Compared with fuel oil, natural gas costs 18 percent less, based on the amount of energy in each fuel. Crude prices have tripled since 2002, pushing governments to seek more of the industry's record profits and limit access to regions that typically harbor natural gas too.
"The correlations between gas and crude oil will become tighter as the LNG market becomes more important on a global scale," Jarvis said in an interview. Natural gas in New York may rise to $15 per million British thermal units by 2013, he said.
"When you are in a supply-constrained situation, prices will rise," said Darren Jones, president of global gas for Houston-based ConocoPhillips, the third-largest U.S. oil company.
Wood Mackenzie's Harris said he expects oil and natural gas prices will converge. If that happens, a $10 million investment in natural gas on the Nymex would return 22 percent, or $2.2 million.
Indonesia lost its top ranking as an LNG exporter to Qatar in 2006 as Southeast Asia's most populous nation diverted exports to meet soaring domestic needs. The economy grew 6.2 percent in the three months ended Dec. 31, near the fastest pace in 10 years. State oil company PT Pertamina will lower supplies to a Japanese buying group by 75 percent after the current contract expires in 2010, Vice President Iin Arifin Takhyan said in October.

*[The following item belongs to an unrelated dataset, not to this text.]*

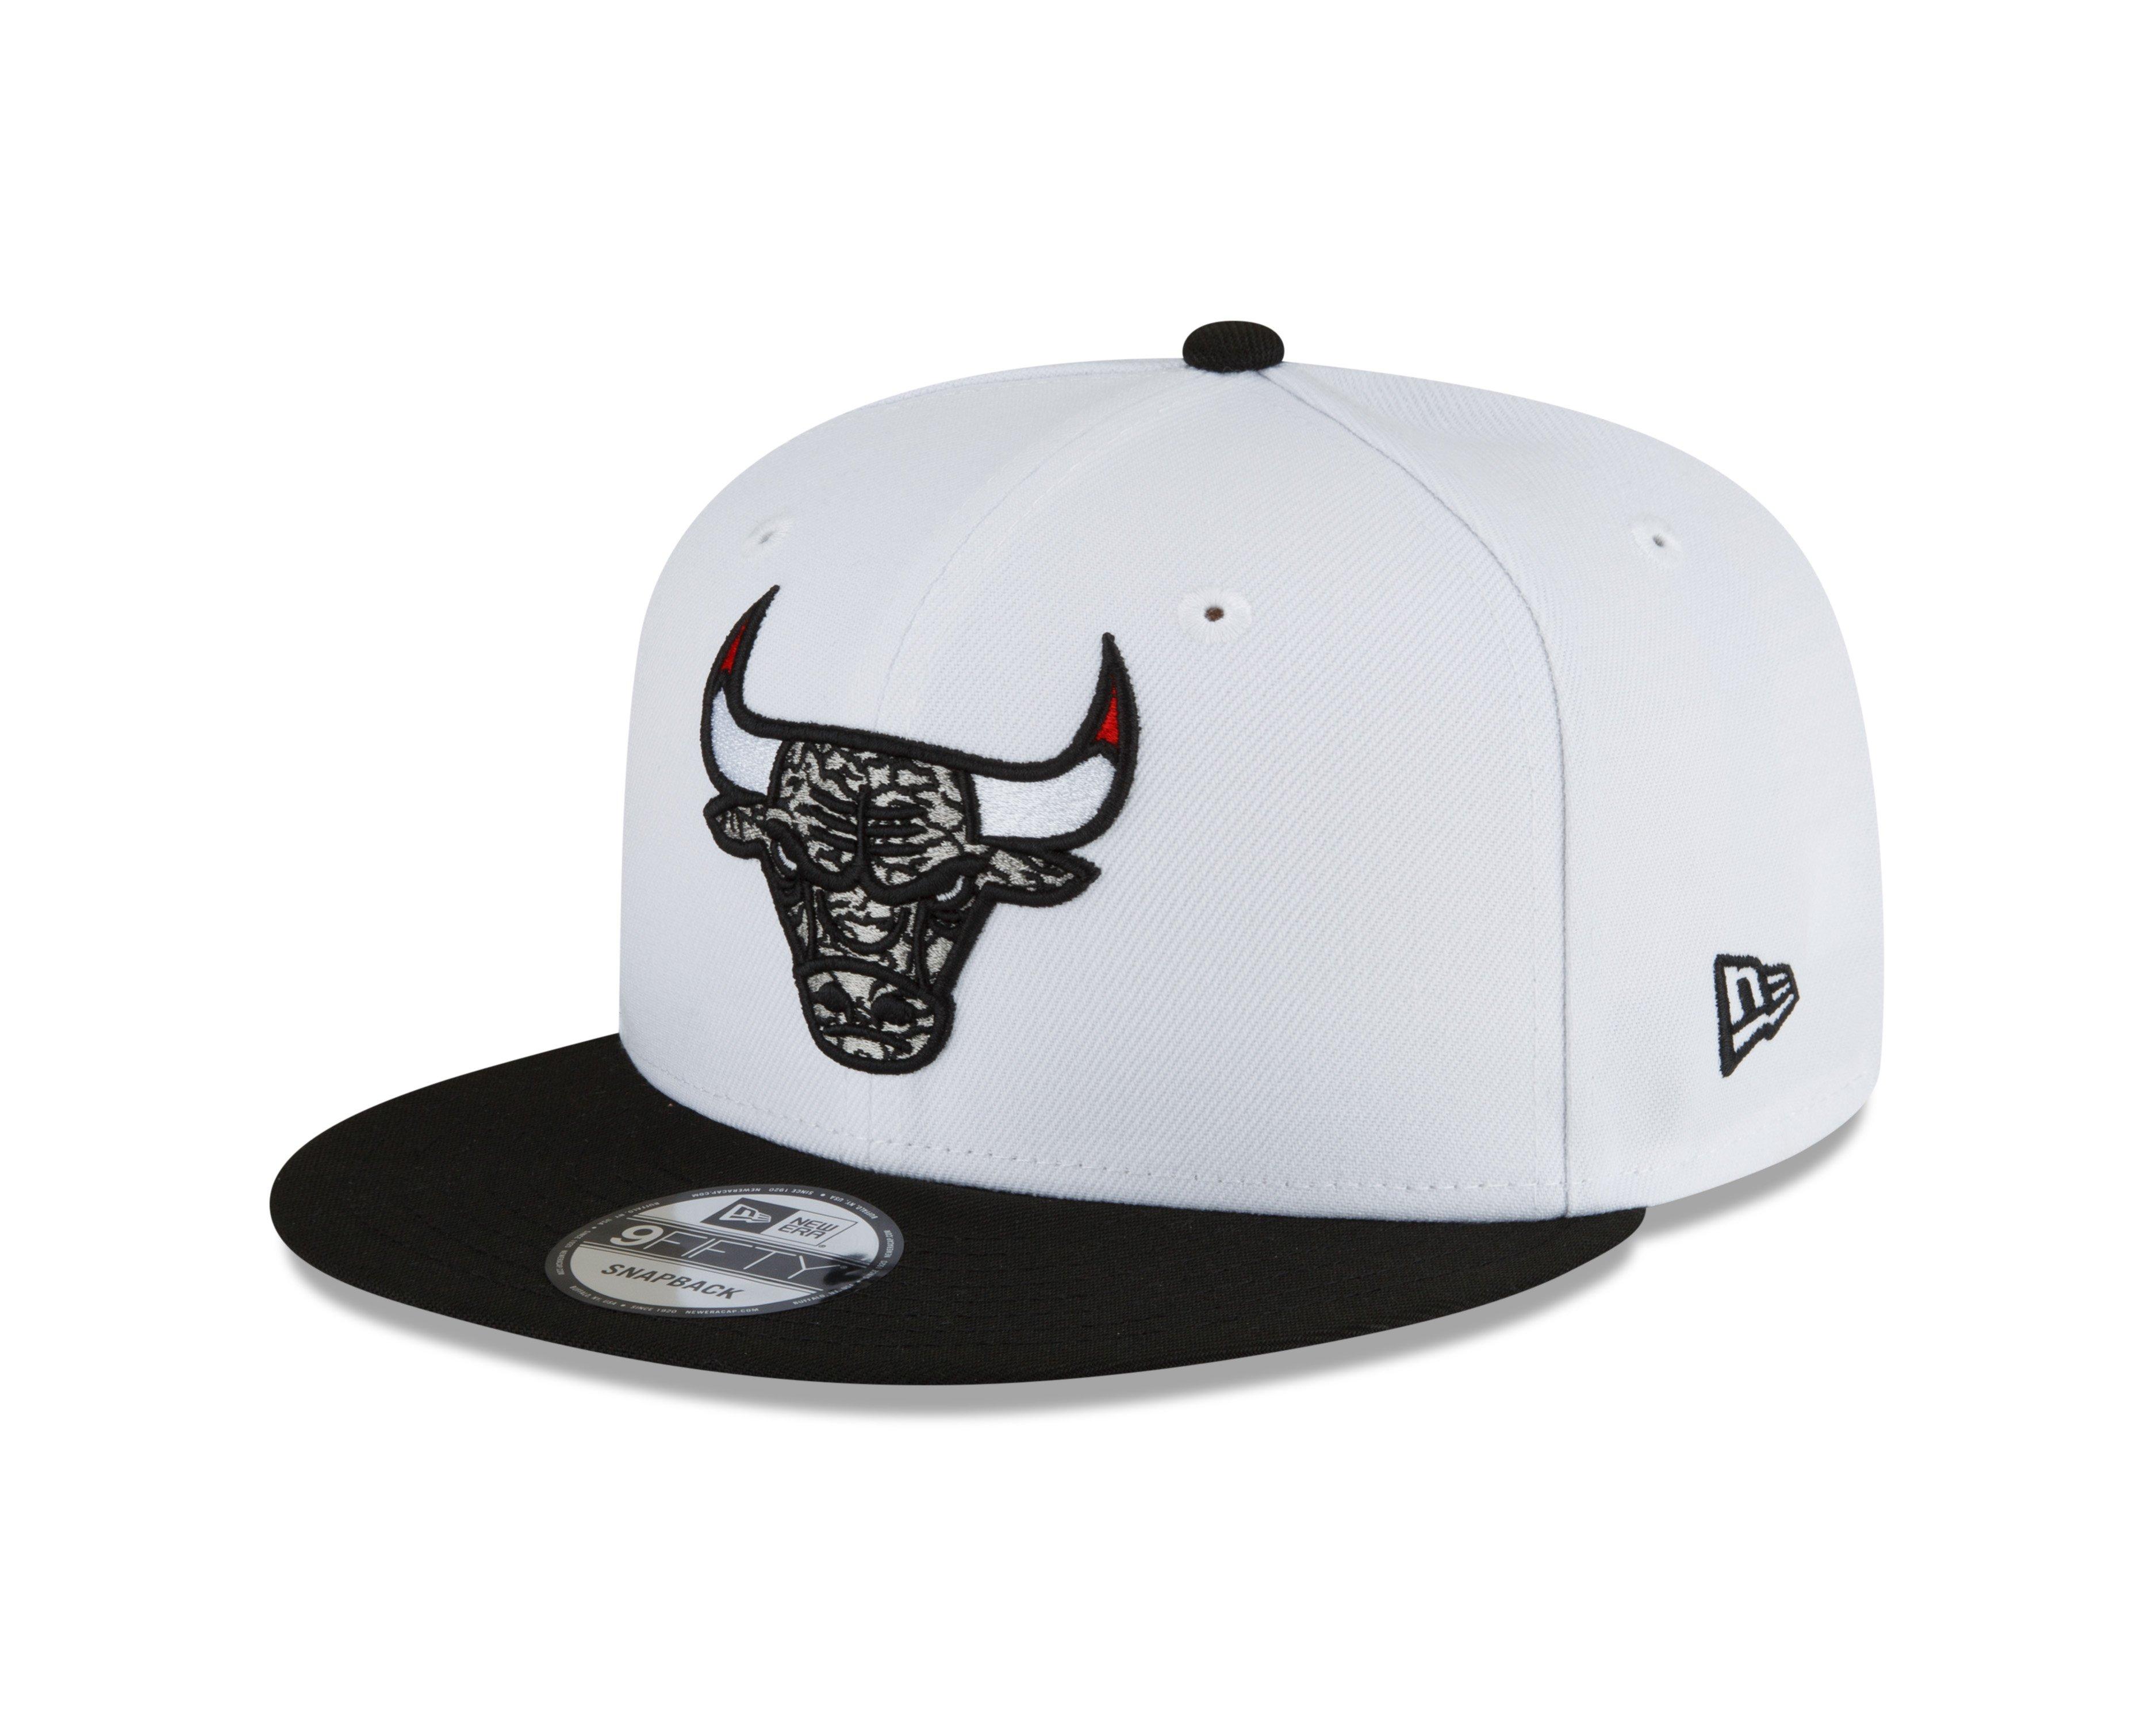  Mitchell & Ness Chicago Bulls Cool Grey Print Snapback Hat Cap  - 3 Retro Cool Grey : Sports & Outdoors

"By 2011 we see a very tight global natural gas market," said Stacy Nieuwoudt, an analyst at energy investment bank Tudor, Pickering, Holt & Co. Securities Inc. in Houston.

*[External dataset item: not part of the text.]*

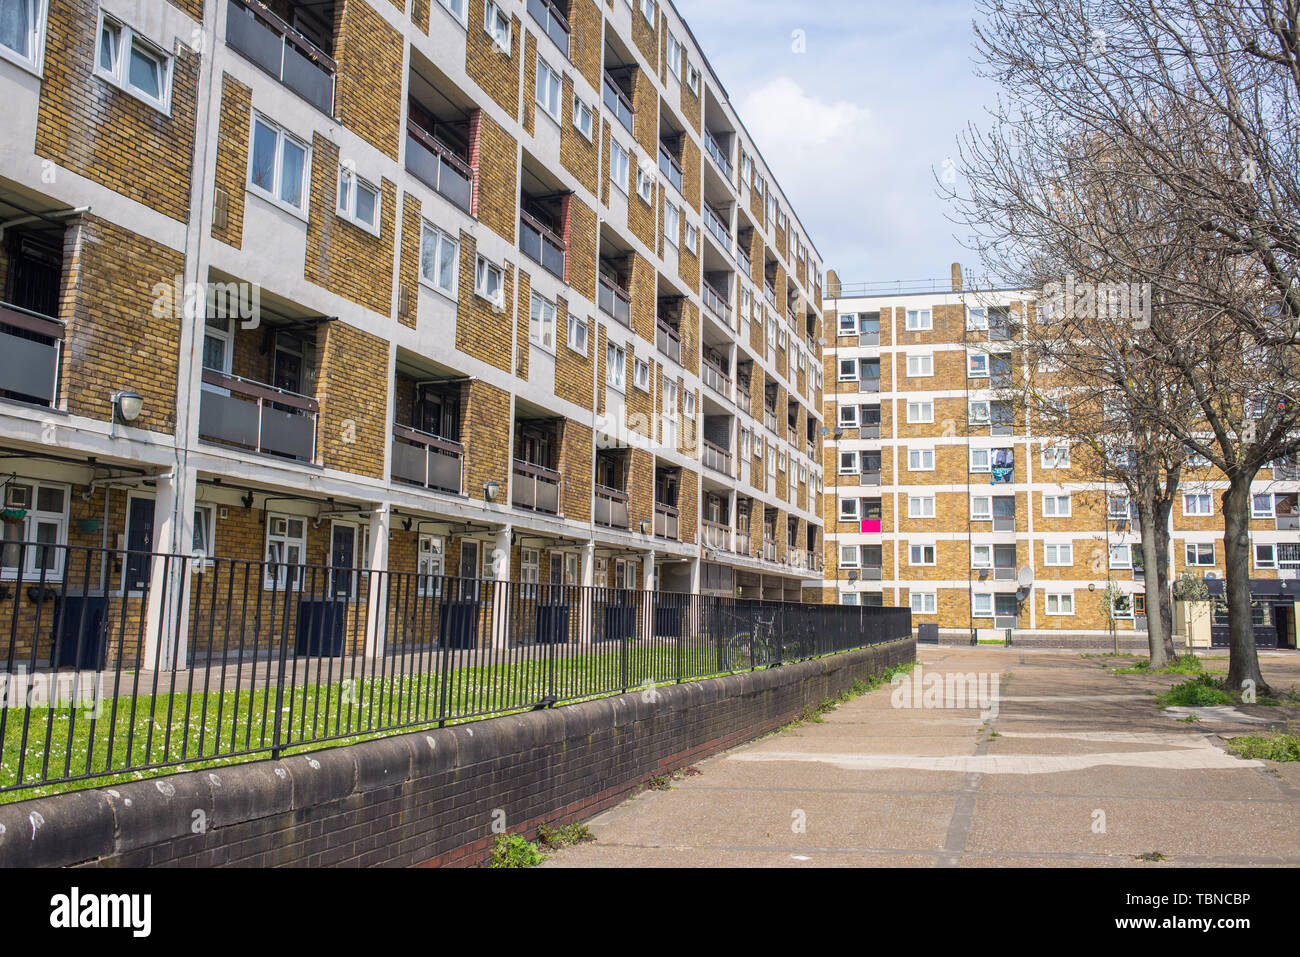 Council houses apartment blocks estate in Hackney East London, UK. Stock Photo

Chevron, which is seeking to expand an LNG venture in Angola, respects governments' desires to direct supplies to domestic markets, said John Gass, president of Chevron's global gas business.
"At the same time host countries also see the value of exporting their gas on world markets," Gass told reporters today in Bangkok. "The companies that are going to be successful in the future are the ones that are going to be able to balance I would say those complementary priorities that resource holders have."
Natural gas provides 22 percent of the world's energy, behind coal's 23 percent and oil's 40 percent, according to BP. The world's known gas reserves may last about 63 years, compared with 41 for oil, the BP statistics show.
Increasing demand and a lack of supplies meant that Japan and South Korea this winter paid more than double the U.S. benchmark gas price to attain cargoes from as far away as Trinidad, the biggest LNG supplier to the U.S.
U.S. natural gas futures for delivery at the Henry Hub in Louisiana have risen 29 percent so far this year on the New York Mercantile Exchange, outpacing a 9 percent gain in benchmark U.S. crude prices. Nymex gas for April delivery was trading at $9.682 per million British thermal units at 9:59 a.m. London time today.
"We have seen this year a situation where there was strong appetite for LNG, forcing buyers to pay oil prices or even a premium," said Philippe Sauquet, senior vice-president of Total Gas & Power Ltd., a unit of Paris-based Total.